At dawn of day he left the city in disgust, but wherever he came he found the country smoking with the blood of helpless innocence and unresisting weakness, and was told by the priests in tones of triumph that in one night all the heretics of the kingdom had been exterminated. He asked then what these poor people had done, whether they were thieves and robbers, traitors or rebels, that they should be cut down in one single night without discrimination and without mercy. But all the answer he received was⁠—

“They deny the supremacy of the Pope!”

“Strange!” thought Musa. “But I am among true believers and enlightened philosophers, and no doubt shall find the Truth at last.”

He, however, determined to leave the country as soon as possible, and bending his course to the seaside, embarked in a vessel destined for England, but which was driven by stress of weather into a port of Ireland. Here he found every thing in confusion. People were setting fire to the churches, pulling down stately abbeys and convents, and driving their inmates before them with every species of violence and of opprobrium.

“Who are these people?” asked he—“and what have they done—most especially those poor women and children, whom I see fleeing from their pursuers, pale with affright, and crying out in despair?”

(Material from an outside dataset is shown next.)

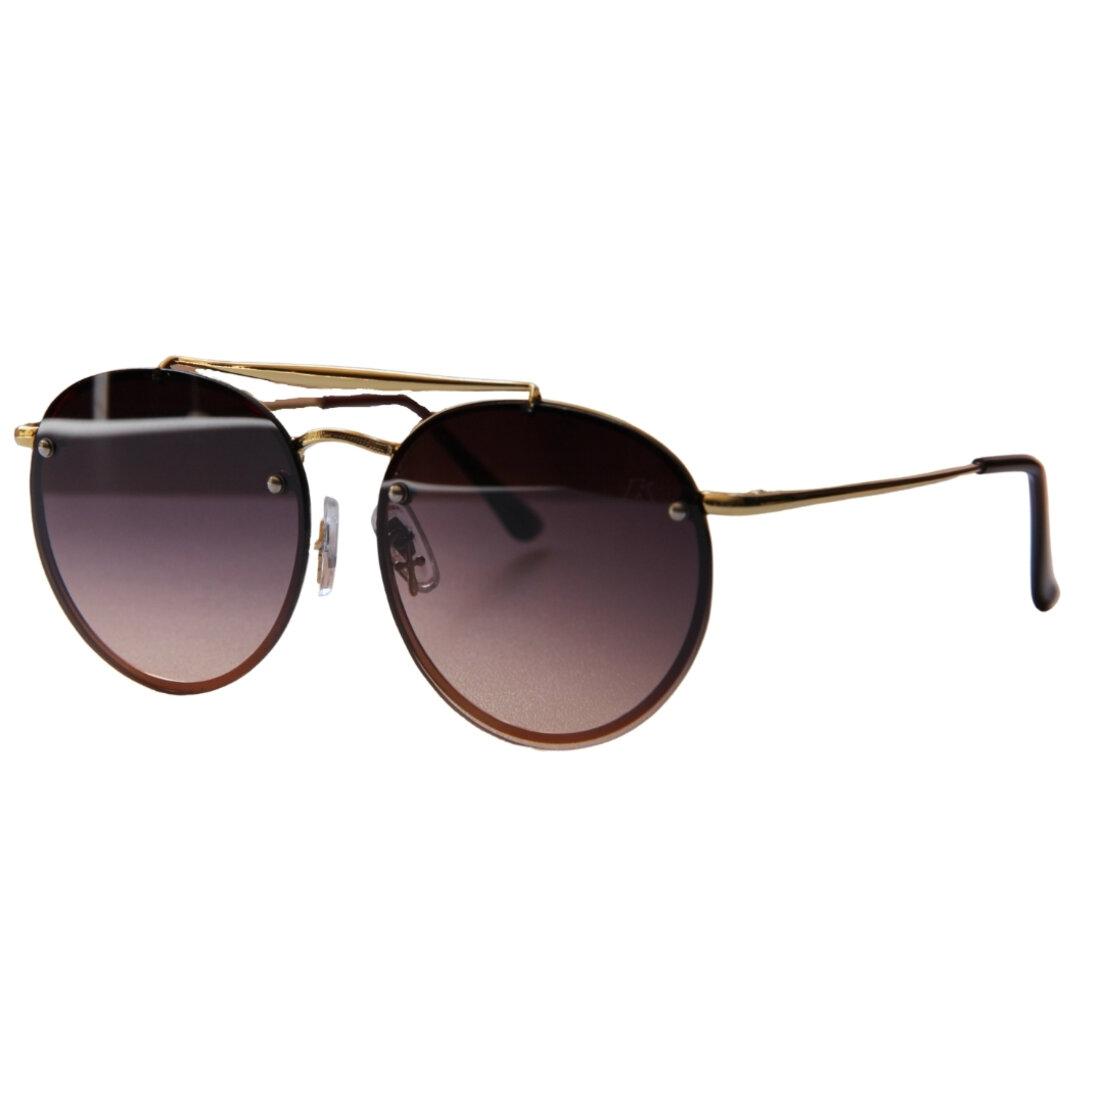 OUTLET - Óculos de Sol Khatto Caçador - Colorido

“They are heretics and believe in the Pope,” was the cool reply.

“That is very strange,” said Musa—“I am just from a land where they were massacring men, women and children because they did not believe in the Pope. How is this?”

“We are only retaliating their persecutions. When they had the upper hand they oppressed us, and it is but just that they should suffer in turn.”

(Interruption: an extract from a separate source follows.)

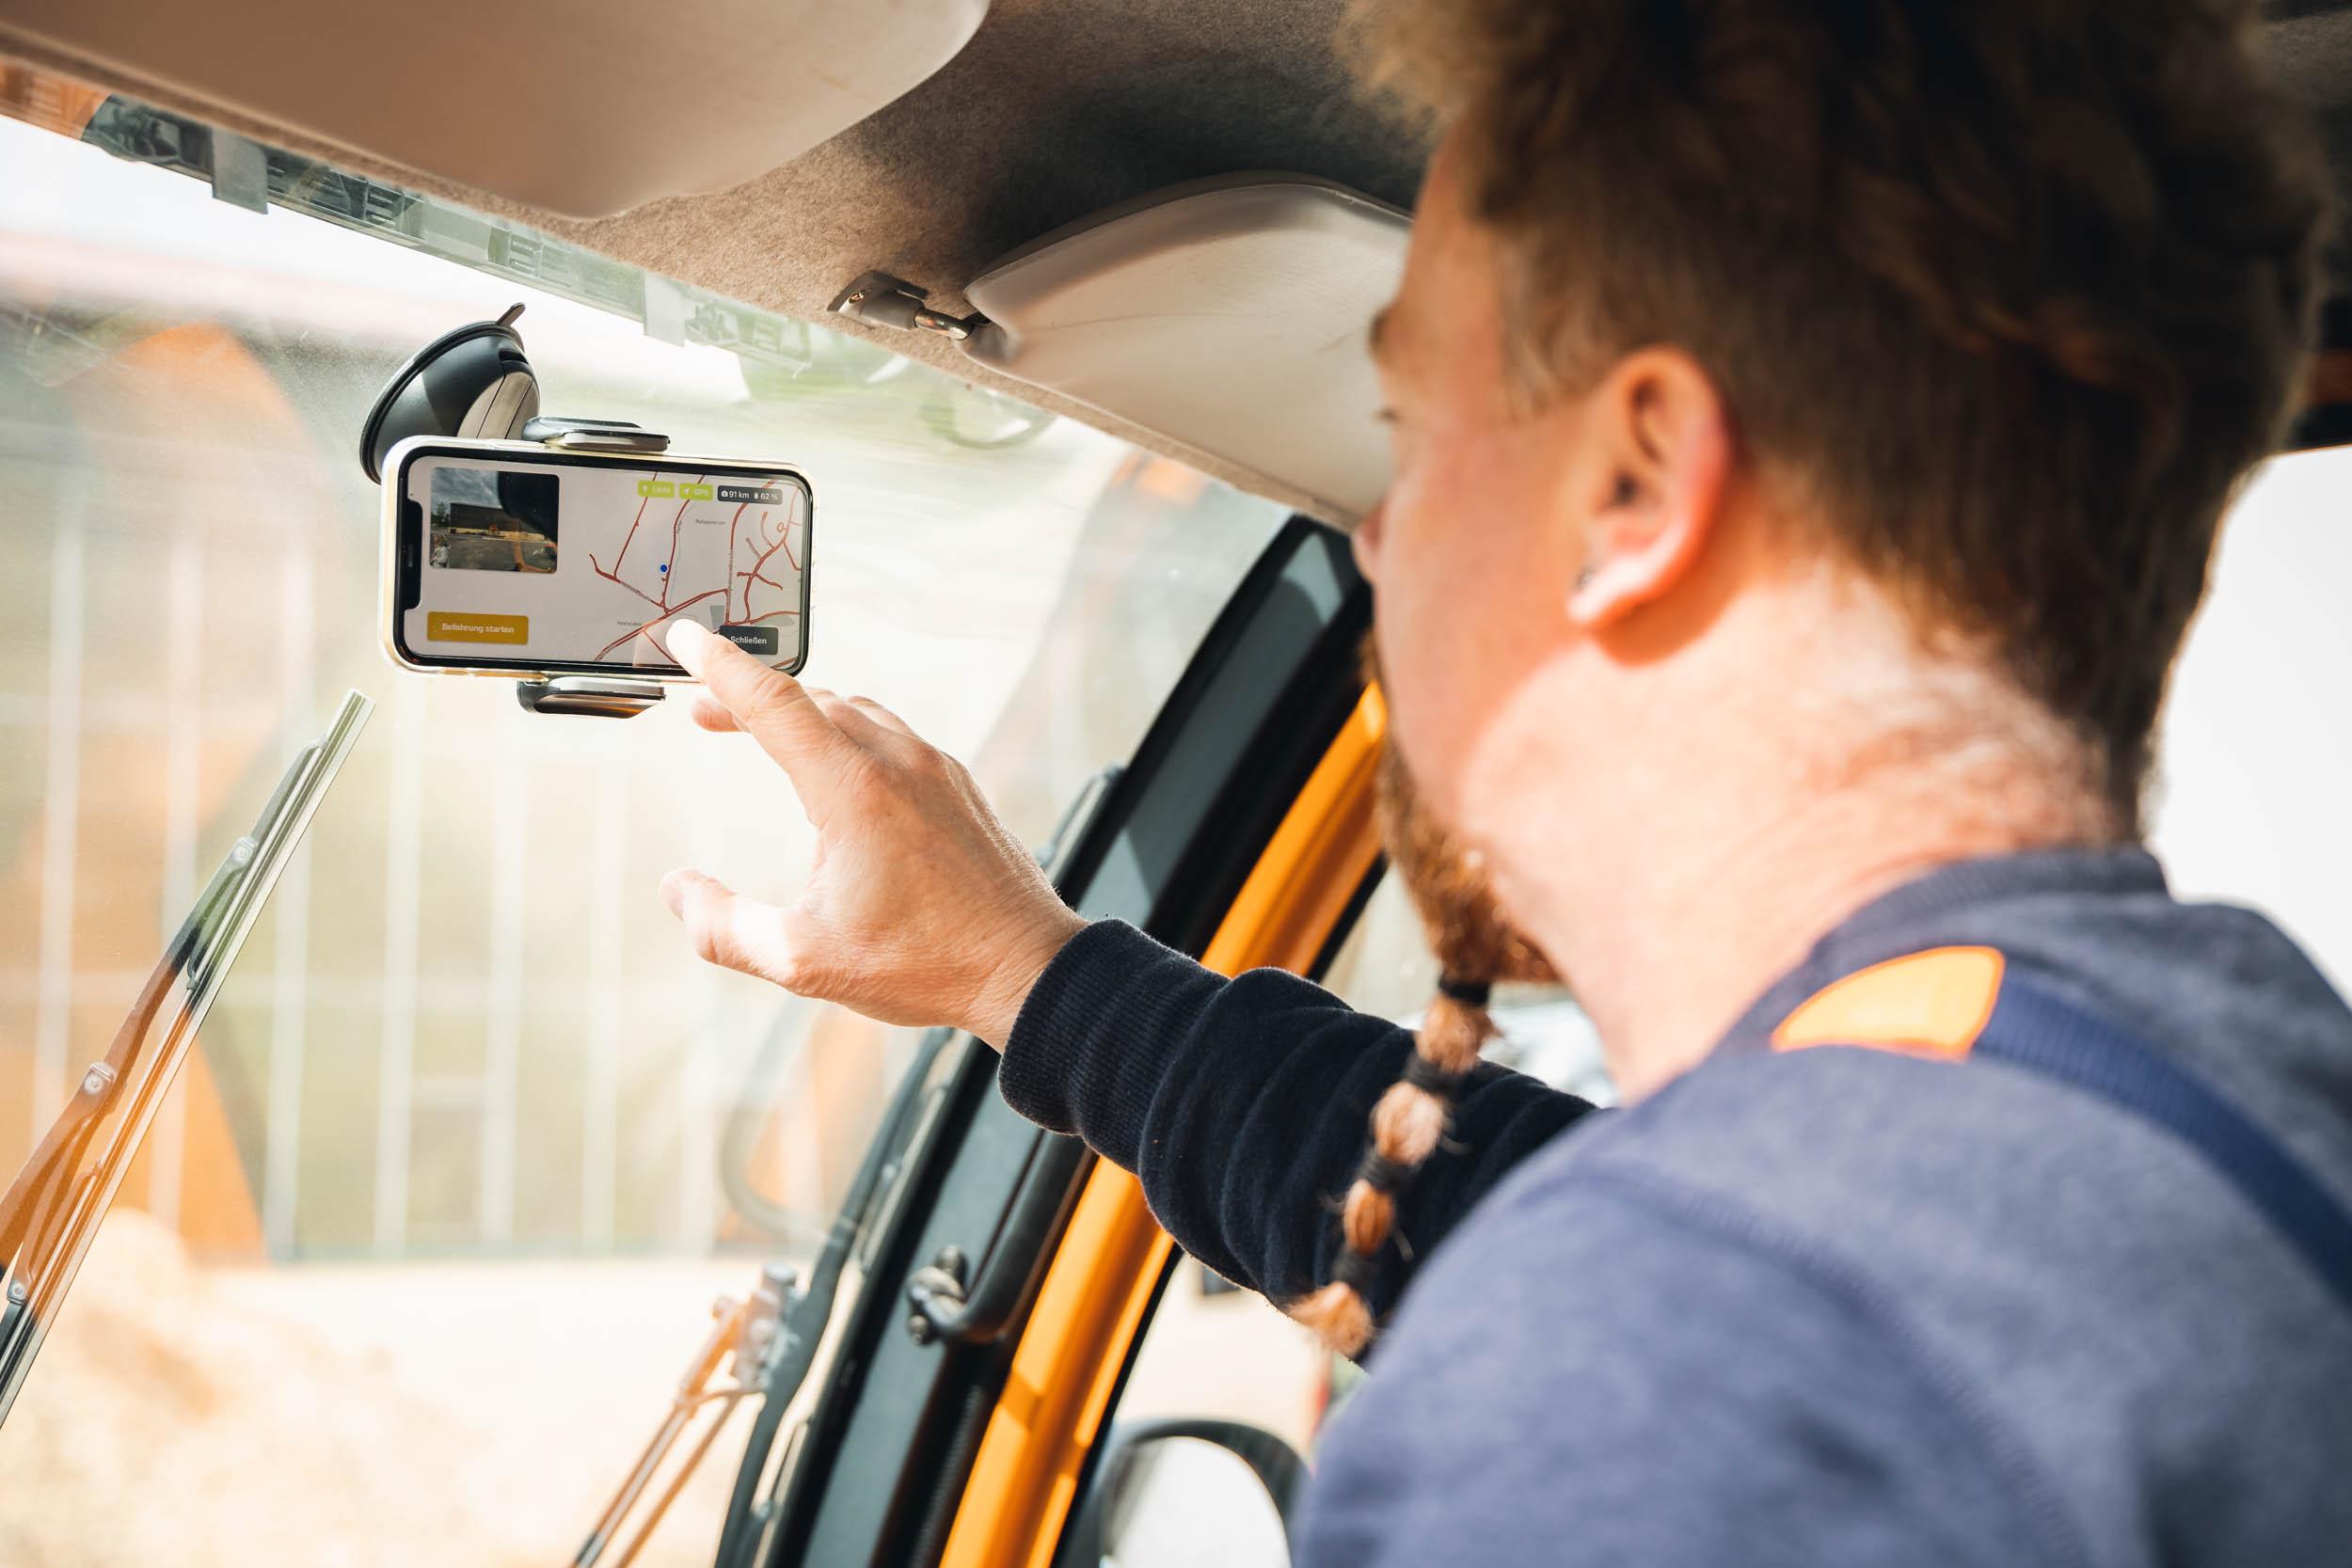 Mann klickt auf Smartphone

“But does not your religion inculcate forgiveness of enemies?”

Before Musa could receive a reply, an aged, bald-headed friar ran tottering past, with a nun holding by his hand, and pursued by several people who seemed half mad with hate and eagerness, and assailed them with missiles of every kind. His companion joined the throng, and left him without an answer. He inquired of another what the old man, and especially the poor woman, had done to merit such unworthy treatment, and was told that one was a friar of the Order of Mercy, and the other a Sister of Charity.